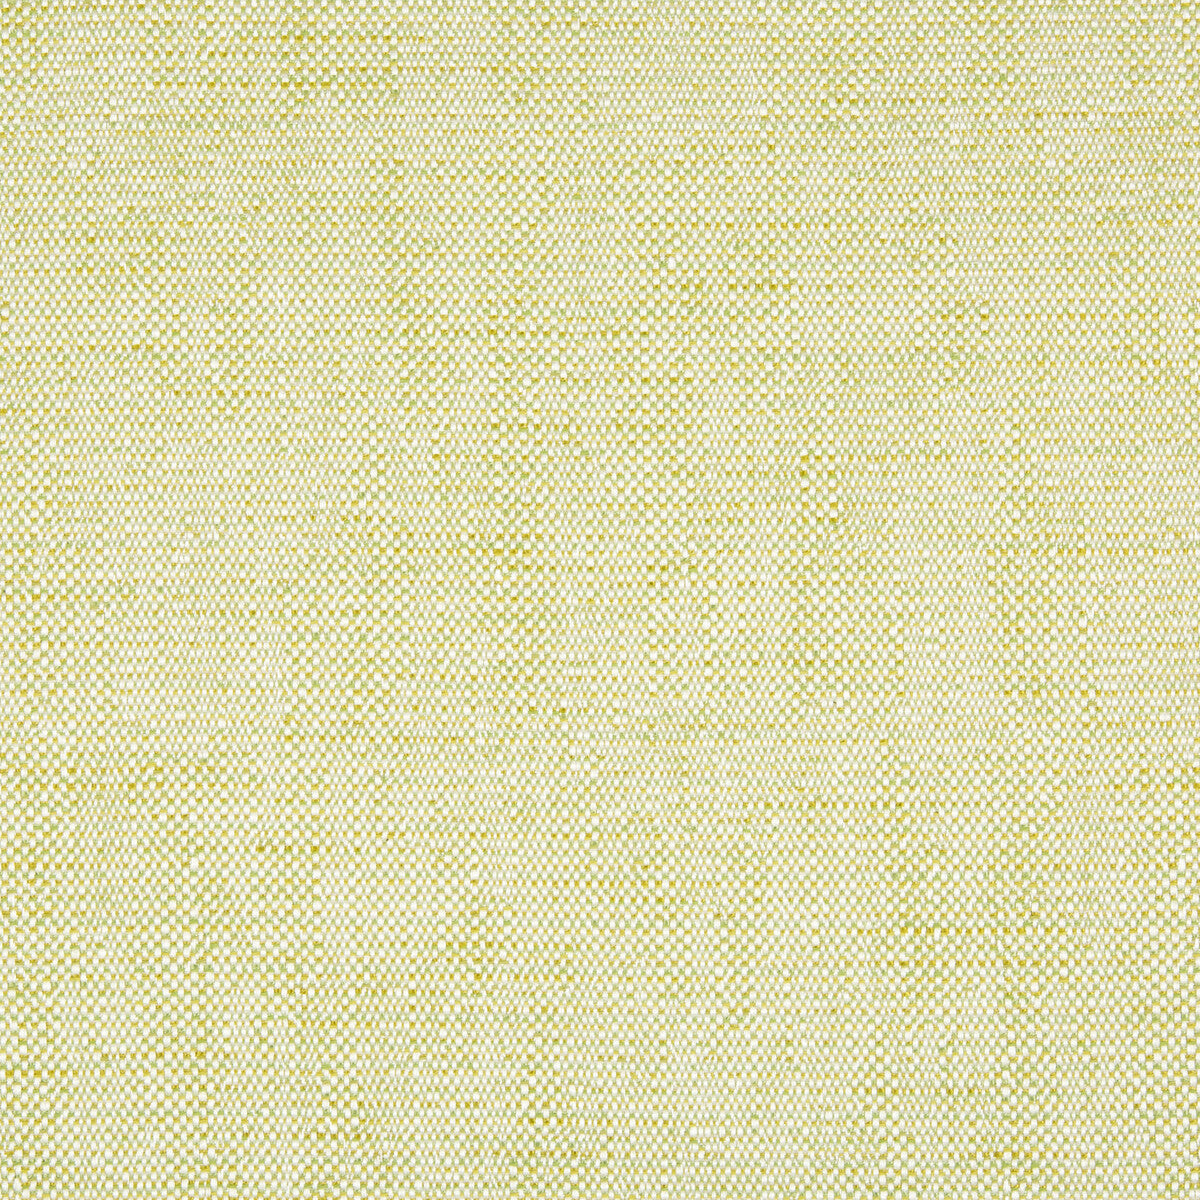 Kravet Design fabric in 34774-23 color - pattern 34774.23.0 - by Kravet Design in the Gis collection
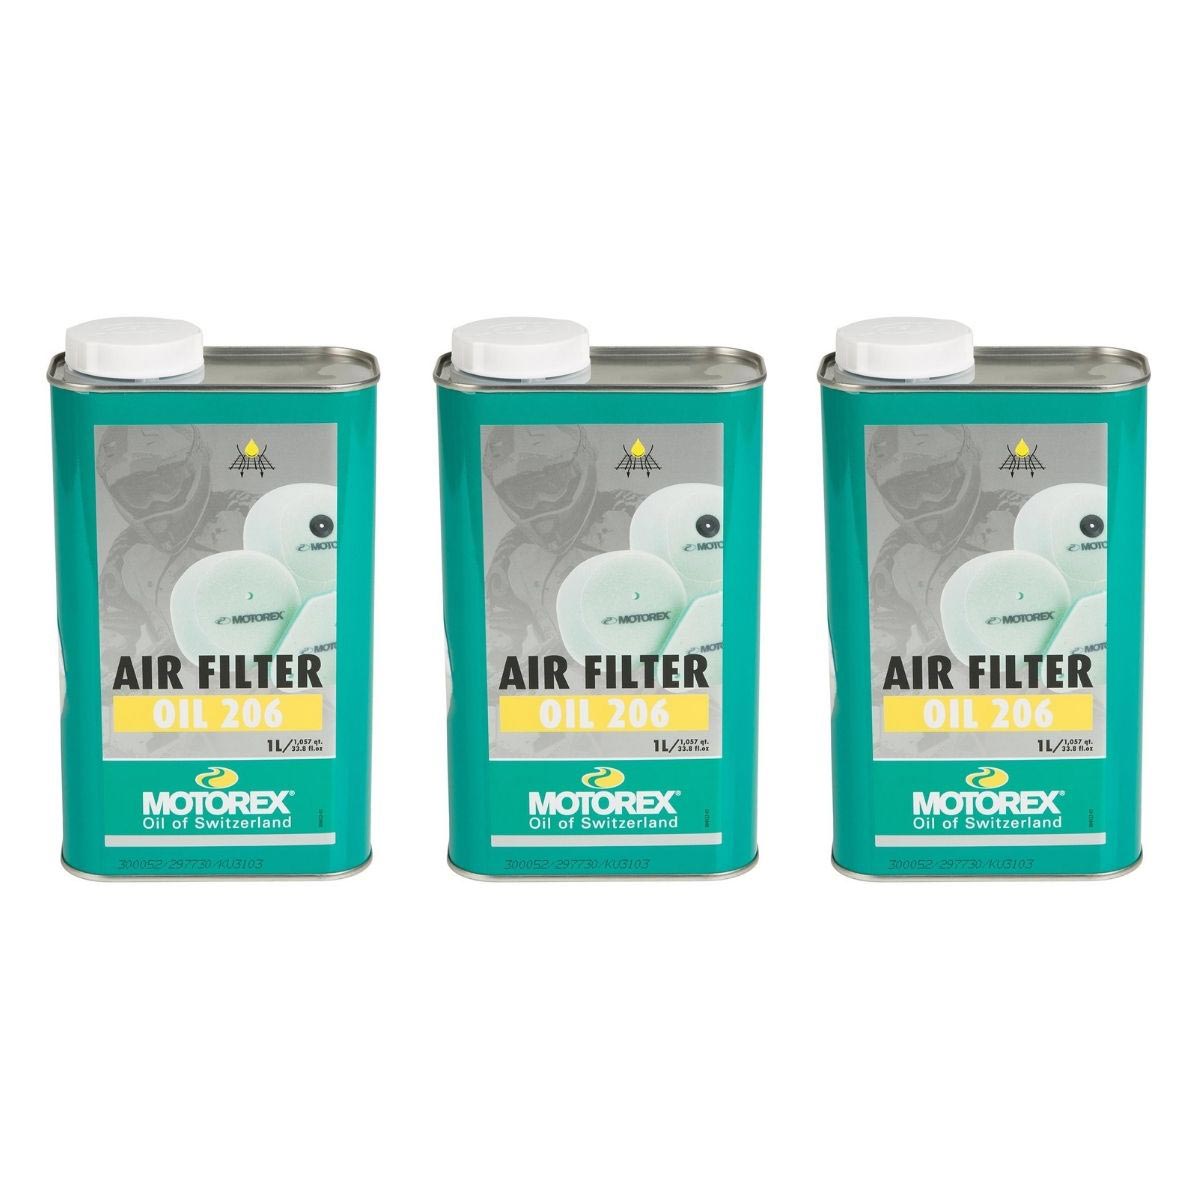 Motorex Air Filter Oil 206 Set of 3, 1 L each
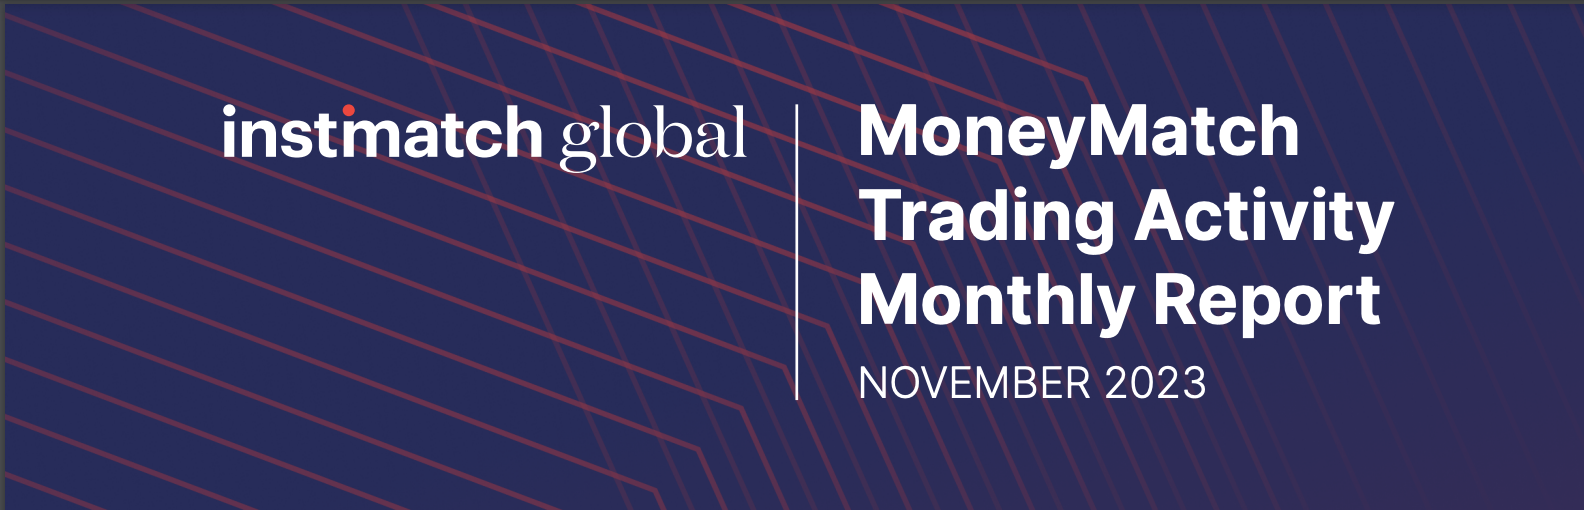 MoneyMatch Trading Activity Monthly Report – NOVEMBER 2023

### [INSTRUCTIONS TO FOLLOW]
The lines running from the one with "Motorex Air Filter" to the close of the material above are to be retyped exactly; no picture is to be included.

### [EXPECTED ANSWER]
 Motorex Air Filter Oil 206 Set of 3, 1 L each
 MoneyMatch Trading Activity Monthly Report – NOVEMBER 2023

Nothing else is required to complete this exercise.